Meeting with Polderland 14.11.2006


  • Peter Beinema
  • Sjur Moshagen


  • since last time
  • questions and answers

Since last time


  • generated new lexicon for north Sami, ready to roll out speller Alpha;
  • creating new type of hyphenator (integrating speller in hyphenator)
  • migrating lexicon generator + test kit to apple


  • included and constrained the use of derivations - the generated data exploded to roughly 20 Gb: -)
  • more work on the PLX data generator


  • finishing the new hyphenation engine
  • drop the next speller version (sme and smj), and the first hyphenator; this will be the official Alpha drop, and should be accompanied with an e-mail stating this.
  • try to provide the first batch of PLX encoded data

Alpha version


Both sme and smj. The sme version will be using the latest, 20Gb lexicon, if possible.

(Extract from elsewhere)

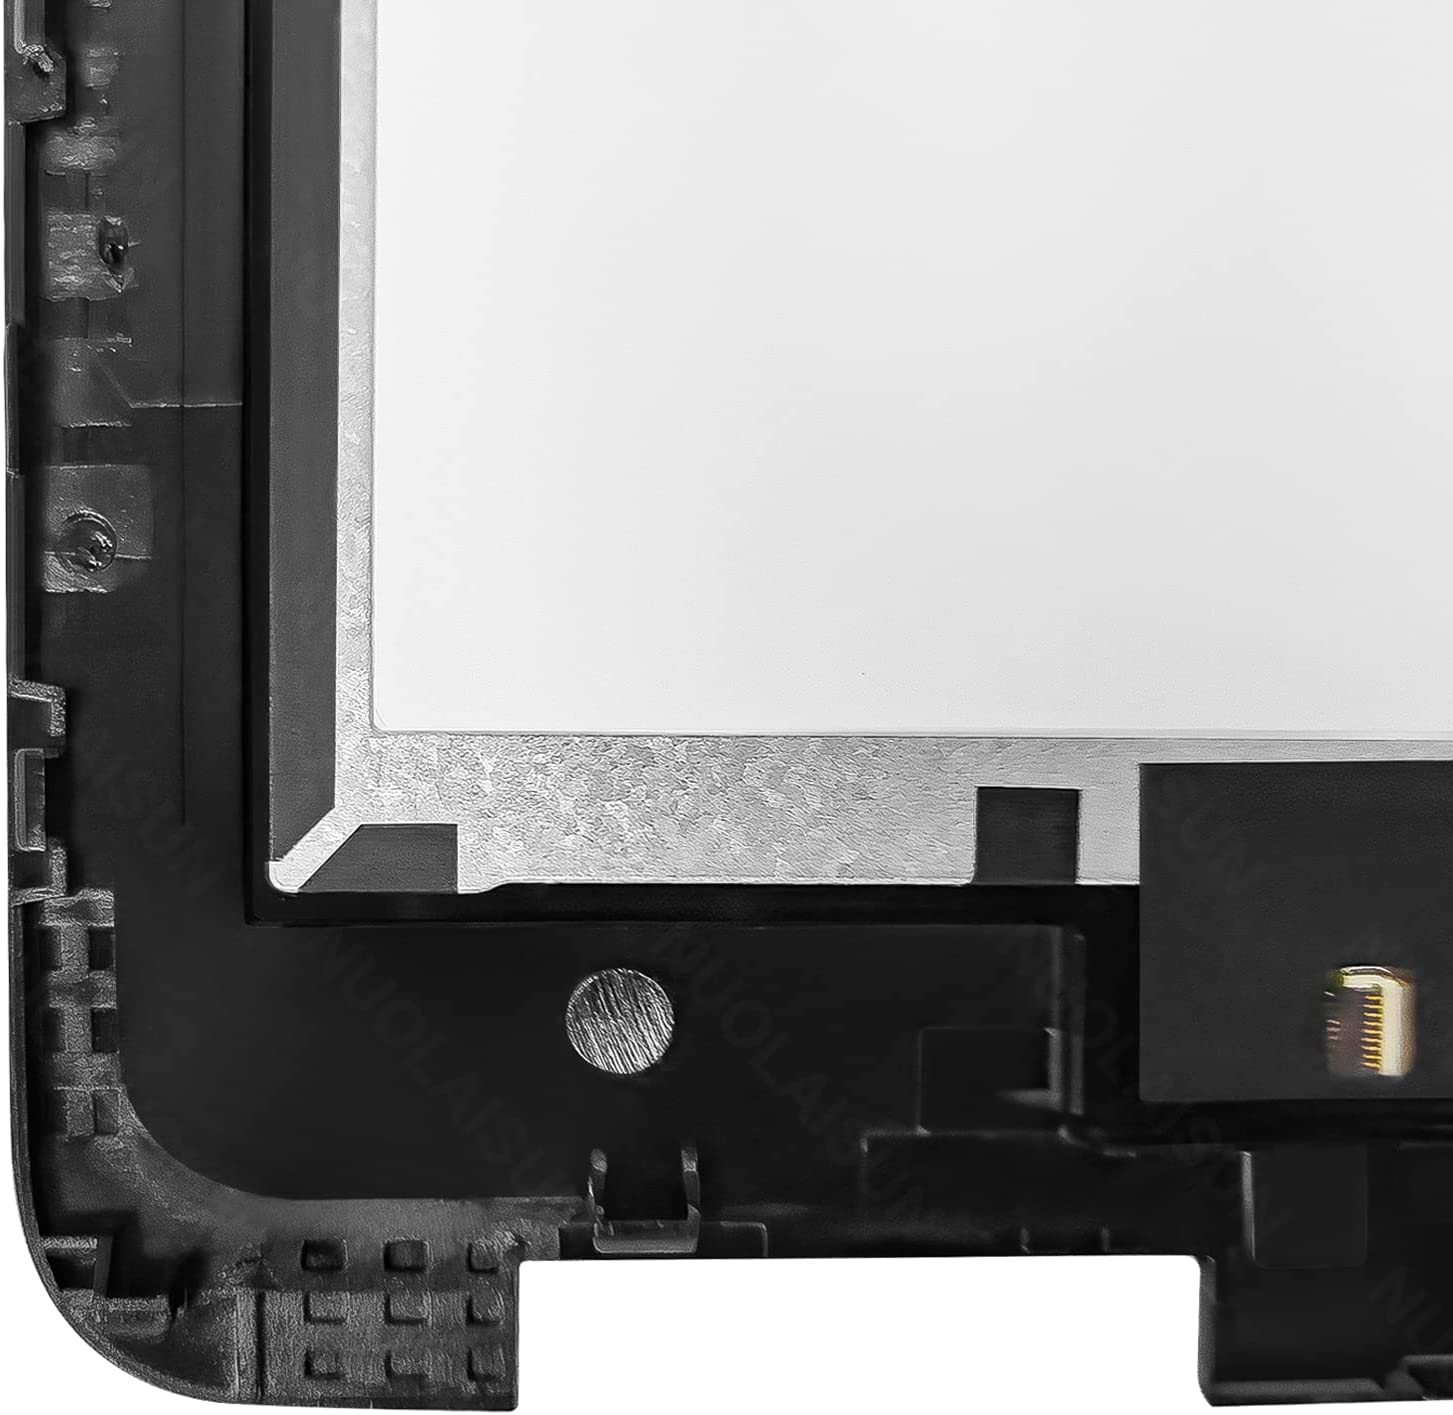 Dell ChromeBook 11 3100 এর জন্য LCD টাচ স্ক্রীন ডিসপ্লে অ্যাসেম্বলি - 3

Will use only the limited data delivered to Polderland, and use the fallback algorithm for all words not in the lexicon. It will provide a nice test case for the fallback algorithm: -)

Possible issues


The section on compounding rules are specific to Dutch, but similar rules could be made for Sámi as well, if needed. The Divvun project will try to make use of the existing machinery before extensions are considered.

Next meeting

Next Tuesday (21.11.) at the usual time.


  • continue to improve hyphenation (Sjur and Thomas)
  • continue with speller data generation/conversion (Tomi)
  • get language codes to work with Mac Office 2004 (and check MacOffice 2007) ( Polderland)
  • provide the Divvun project with the PLX format specification (Polderland)
    • done
  • deliver Alpha versions (Polderland)
  • try to find proper compiler version for Adobe Indesign (old version will probably do)